Work order: Nothing but the lines from the one with "Abrigo leopardo estilo callejero" through the end of the listing should be reproduced, each exactly and with pictures omitted.

Recorded data:
# # #
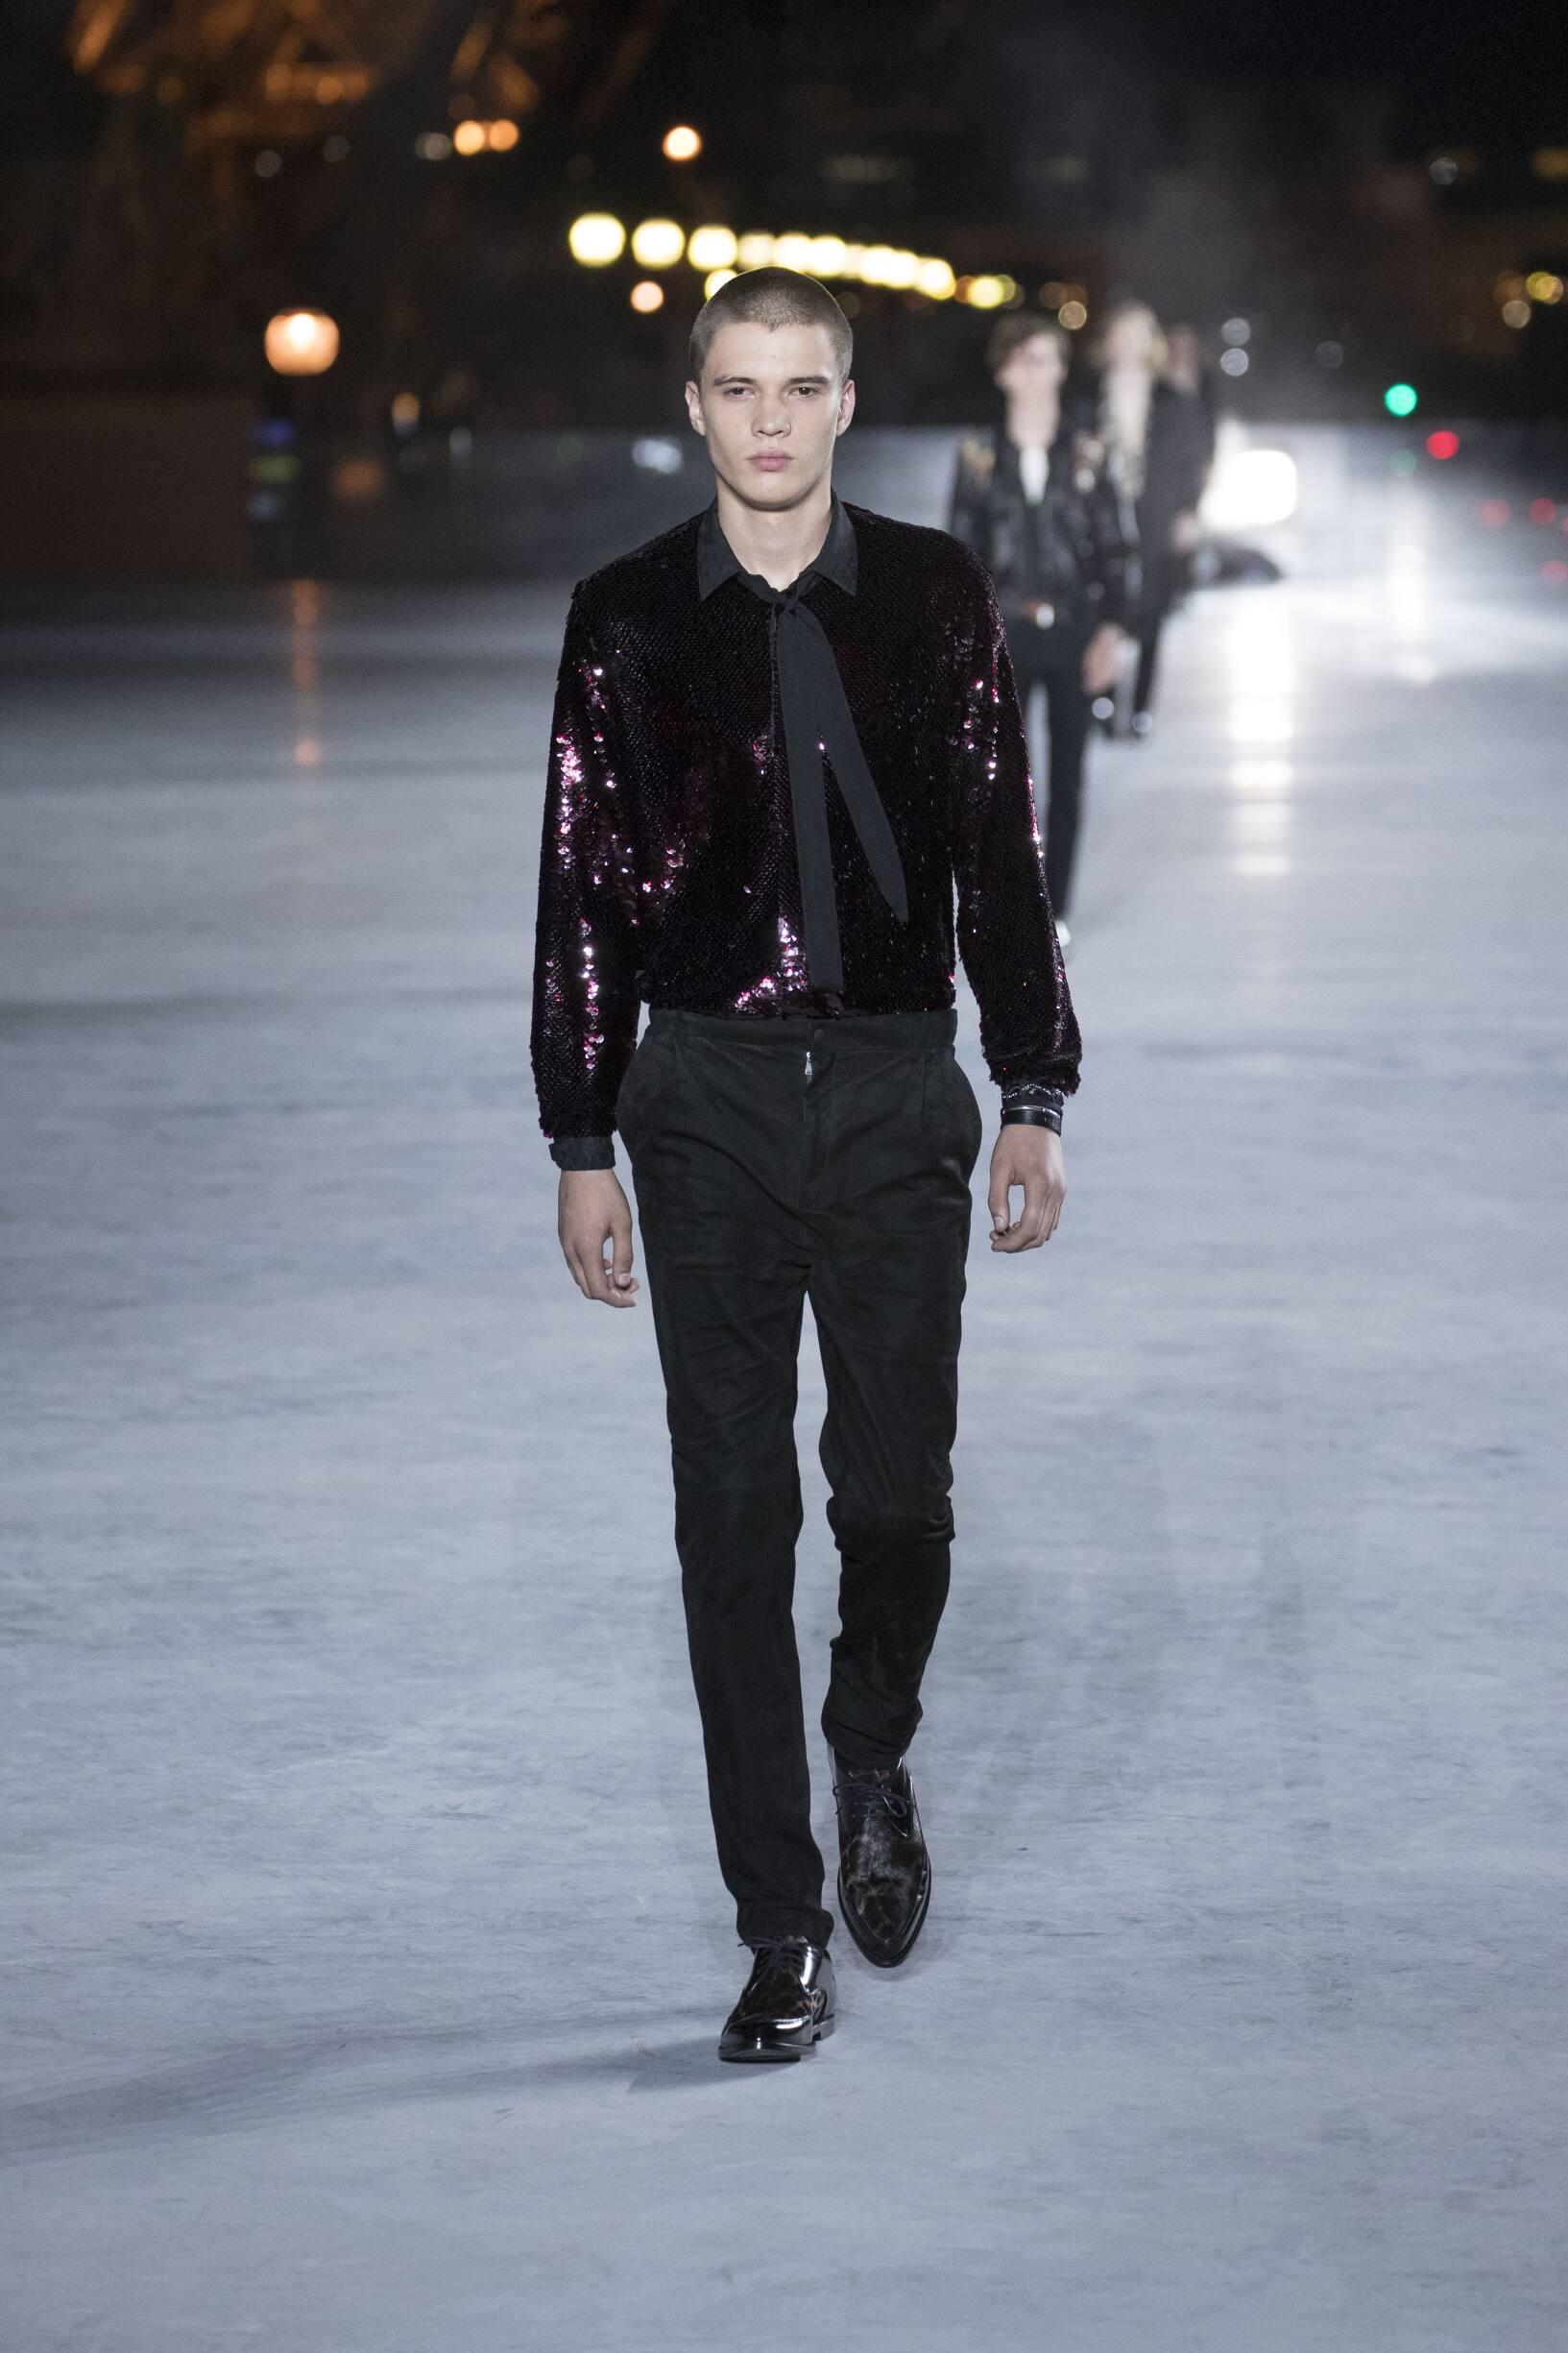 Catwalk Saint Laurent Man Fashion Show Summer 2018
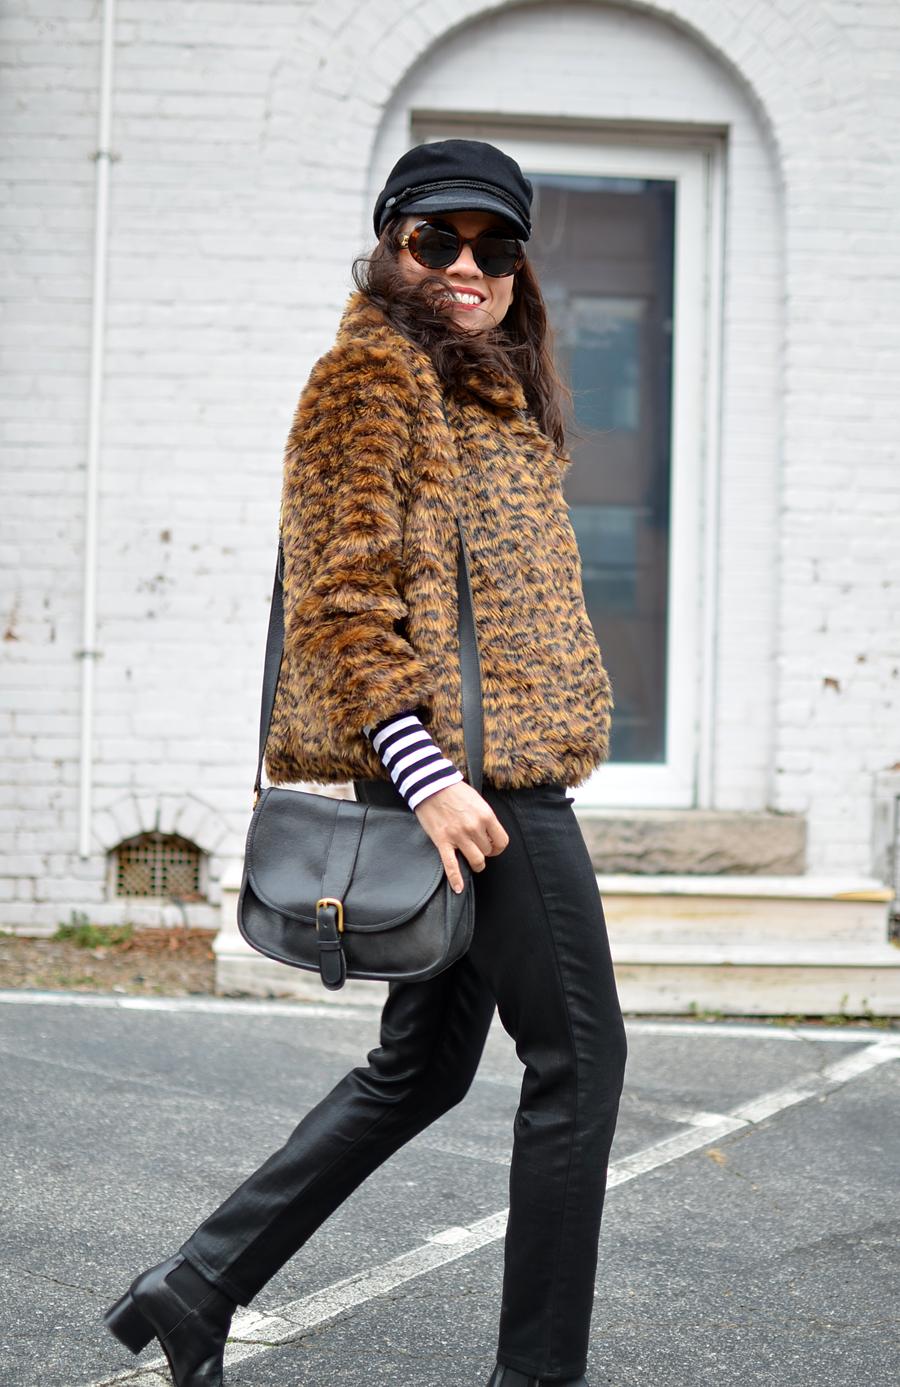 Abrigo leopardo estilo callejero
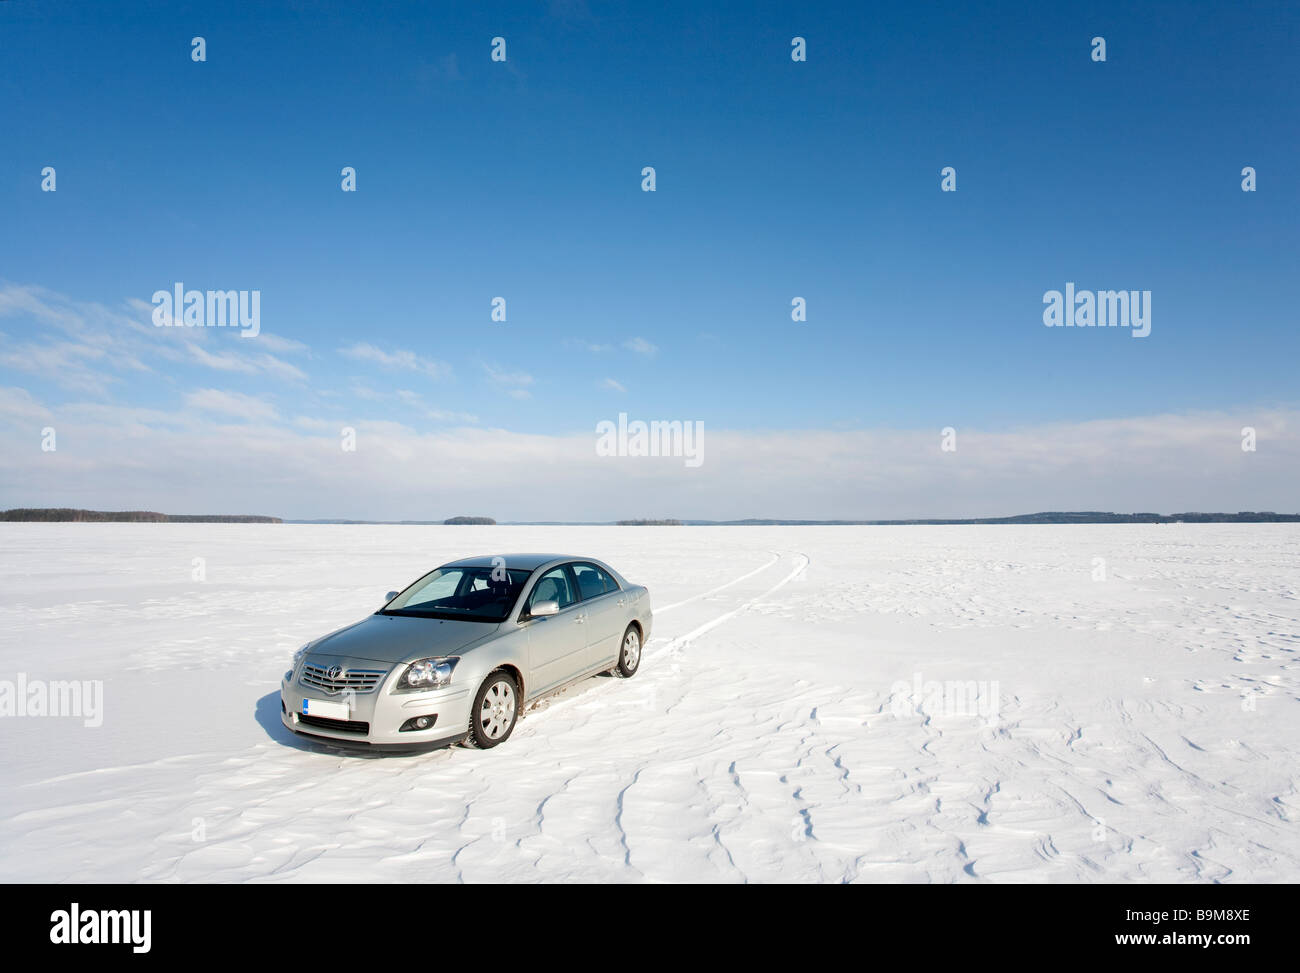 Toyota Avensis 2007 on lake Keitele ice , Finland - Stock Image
# # #
Response below:
 Abrigo leopardo estilo callejero
 Toyota Avensis 2007 on lake Keitele ice , Finland - Stock Image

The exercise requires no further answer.